"What would Joanna have wanted?" the ICU fellow (Dr. Smith) asked Sam, Joanna's nephew and health care proxy, for the second time this week. Sam considered the question, furrowed his brow, and said, "I still don't know, doc."
Dr. Smith, Sam, and I stood at Joanna's bedside. Sam, a young man of only 20, looked tired and worried. Joanna had been on our unit for close to a month. With advanced scleroderma and systemic lupus erythematosus at the young age of 44, Joanna was dying. She was in multisystem organ failure, requiring mechanical ventilation, continuous dialysis, and vasopressors. Her fingers, peeking out from under the white hospital blanket, were skeleton-like, black and necrotic from long-term vasopressor use. Her toes and lips had suffered the same fate. She breathed slowly, only when the ventilator required her to; a continuous dialysis machine took up half of her ICU room. She was probably in pain, with no medication on board because of her low blood pressure. The word "torture" came to mind.

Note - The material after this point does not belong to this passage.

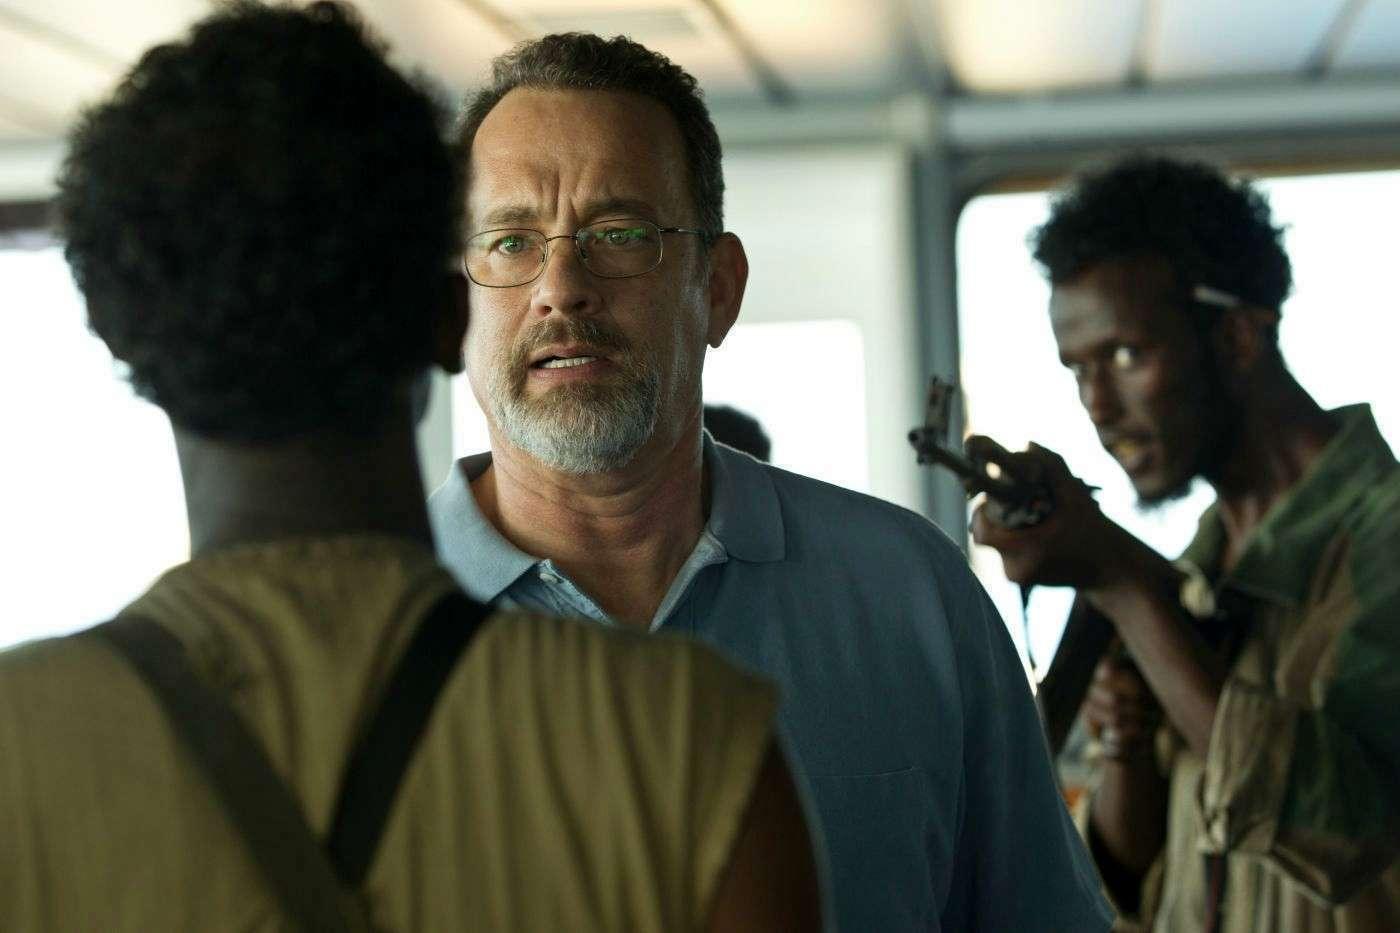 Captain Phillips scene

"Okay, Sam, I'll give you some time and come back," Dr. Smith said at last. He patted Sam on the shoulder and walked out of the room.
Sam and I went on standing there in silence. How do I make him understand that this is torture? I wondered. How can I get him to understand that it is okay to let her go? I knew Sam was struggling to discern what his aunt would have wanted. As so often happens, they had never discussed how she wanted to die. Asking Joanna now was out of the question. Sam was afraid to make the wrong decision for his aunt.

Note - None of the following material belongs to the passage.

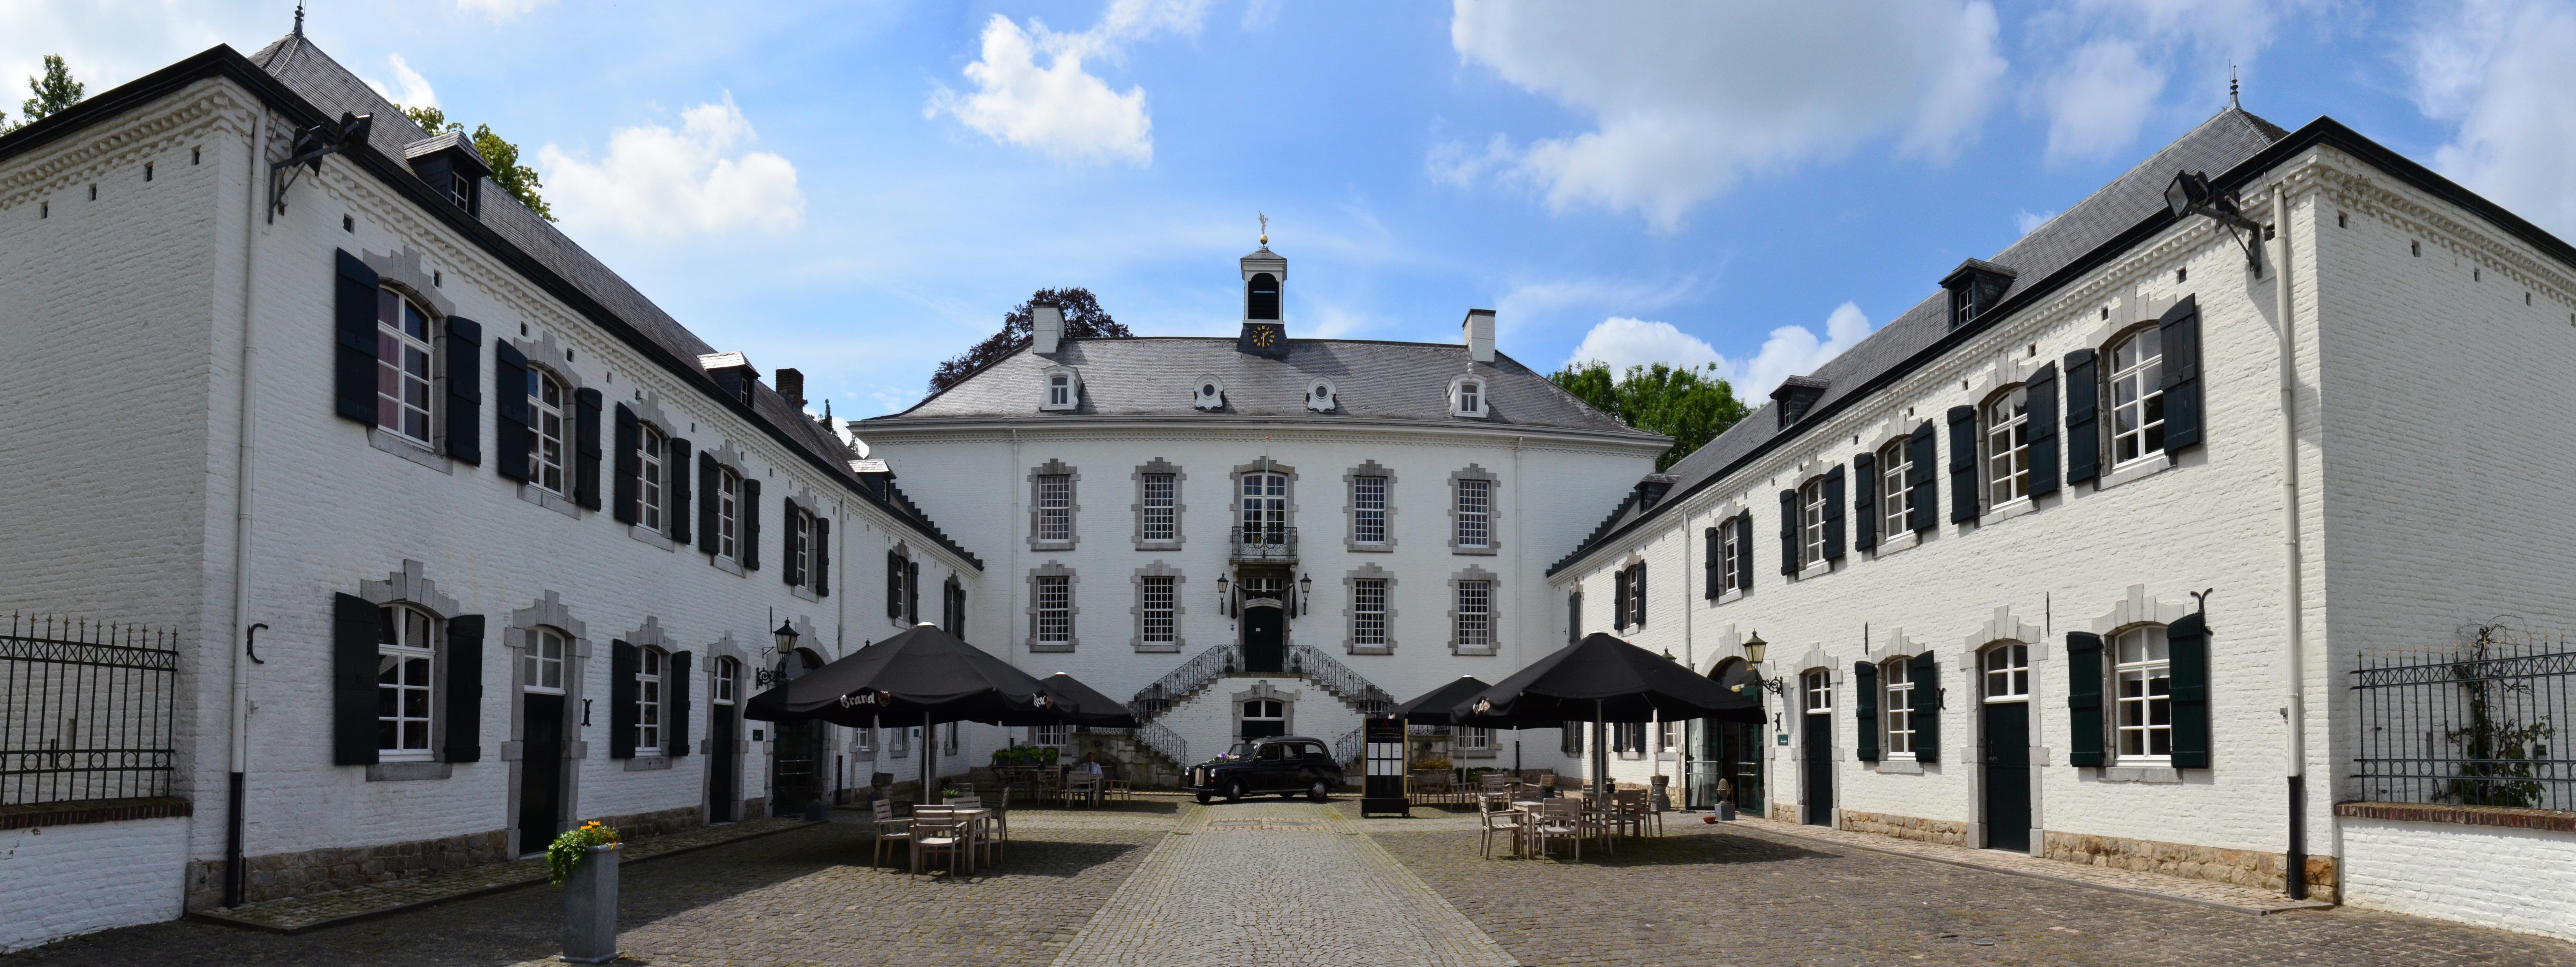 Schloss Vaalsbroek - Wikiwand

Maybe he doesn't fully understand her medical condition, I thought. As I turned to Sam, about to speak, he gave me a knowing look. "I know she's very sick," he said. "I just don't know what she would've wanted."

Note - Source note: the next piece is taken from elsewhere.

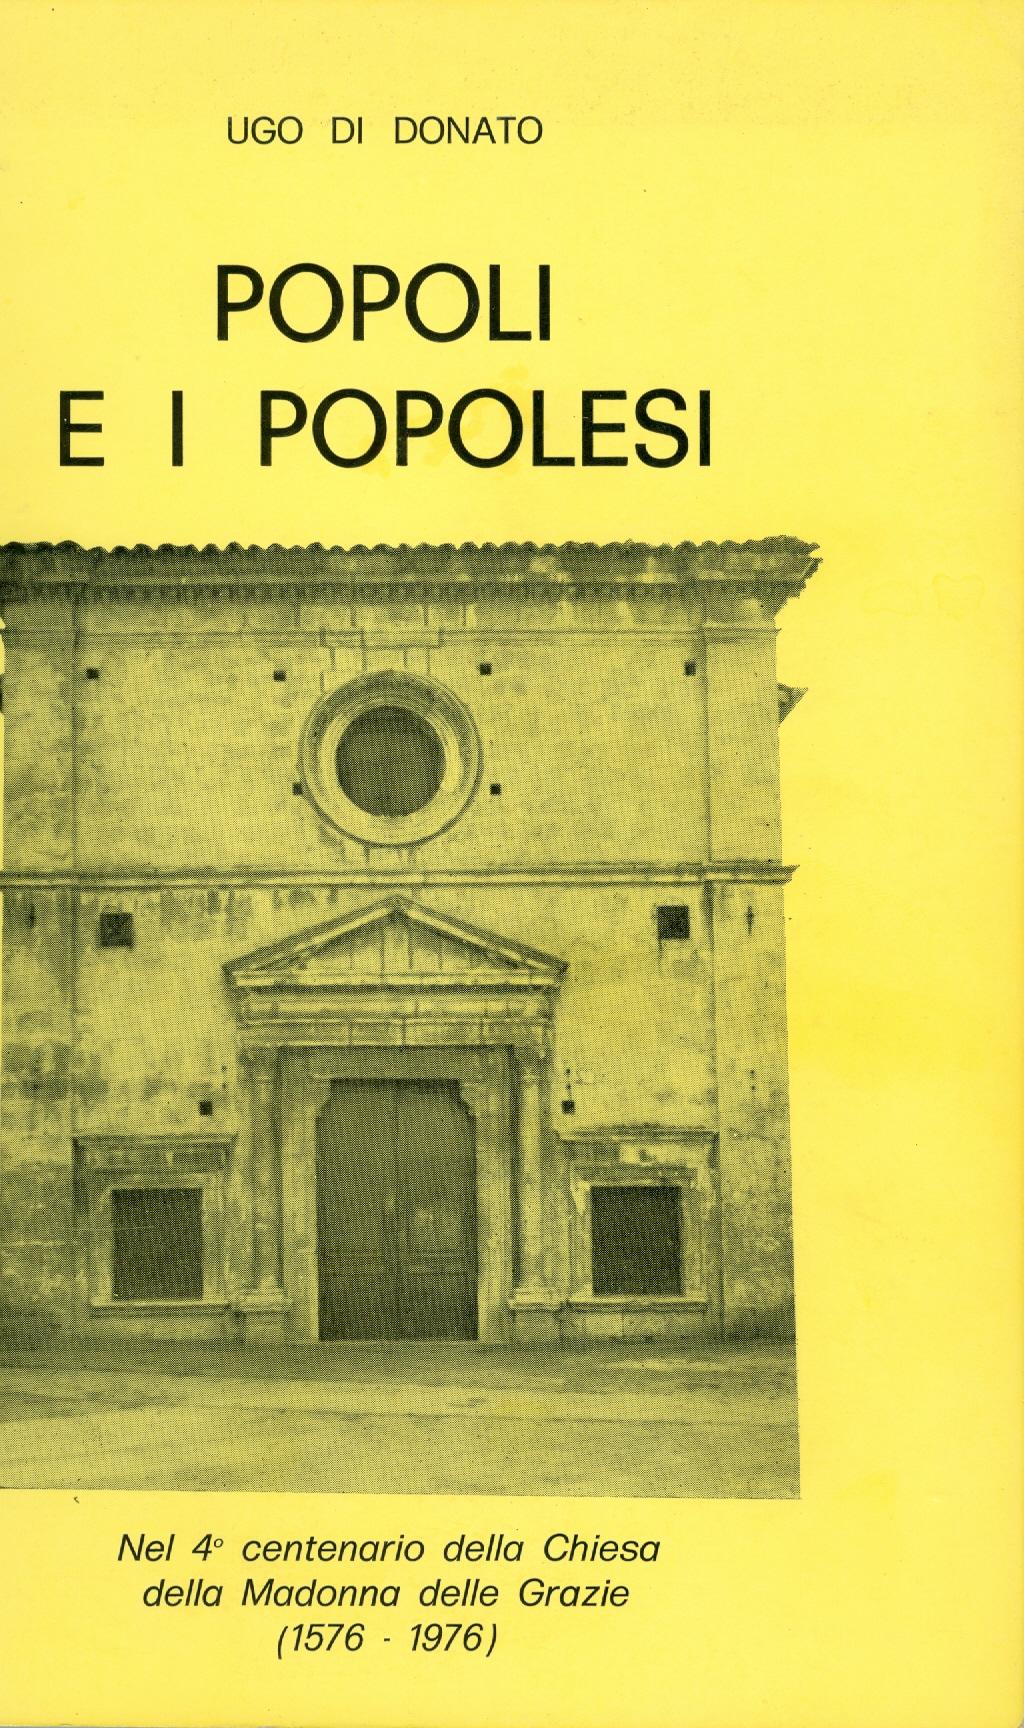 Popoli e i Popolesi

I thought for a moment and realized I didn't know either and shouldn't assume that I did. So, the question then became how to figure what Joanna would have wanted. It occurred to me that I didn't know Joanna at all-but Sam did.
"Sam, tell me about Joanna," I said.
"What do you mean?" he asked. "Like when she got really sick, or[horizontal ellipsis] ?"
"No," I said gently, "tell me about what Joanna was like before she was in the hospital."
"Why?" he asked.
"Humor me," I said.
Sam smiled. "Okay, well, oh goodness, was she a hoot. Always had something to say about everything and anything[horizontal ellipsis] school, your girlfriend, your choice of outfit." He laughed. Sam continued to talk about his aunt Joanna and I listened, delighted to hear about the real Joanna.
"She always had to have her nails perfectly done," Sam went on. "She would go nuts if they weren't perfectly polished. Red polish. And oh man, was she a fan of dancing. Not that she was any good[horizontal ellipsis] but she loved it!"
It was nice to imagine Joanna dancing instead of lying in bed. I envisioned her fingers and toes, healthy and with nails freshly polished red. Joanna would not enjoy her new fingers and toes, I thought, nor would she dance again.
Sam's face suddenly changed from delight to devastation and shock. He seemed to be having the same thoughts as me. "Oh God," he said, "she would hate this. All of this."
I looked at him and said, "I think that may be your answer then, Sam."
Later that day, Dr. Smith held a meeting with Sam and several other family members. Dr. Smith explained that the mechanical ventilator, dialysis, and vasopressors were keeping Joanna alive. Unwilling to take away Joanna's ability to breathe, Sam and his family decided to withdraw the dialysis and vasopressors. Care was withdrawn at six that evening, and Joanna died several hours later.
Sam and Joanna are still with me, nearly 10 years later. We had continued to ask Sam a question he could not answer. At the same time, I had assumed I knew the best solution for Sam and Joanna. Yet I knew nothing about Joanna, not where it mattered. I realized we may have to ask more about patients' former selves to envision their best futures. In this scenario, I asked Sam about Joanna's life to understand what was best for her care and, ultimately, her death. What if Sam had told me Joanna had always said she wanted to live to be 100, no matter what?
Get to know patients' former selves. Ask different questions. Discover their answers. I am so glad I did. Now, when I think of Joanna, I picture her with brightly colored red fingernails and toes, dancing the night away, and I know we did what Joanna would have wanted.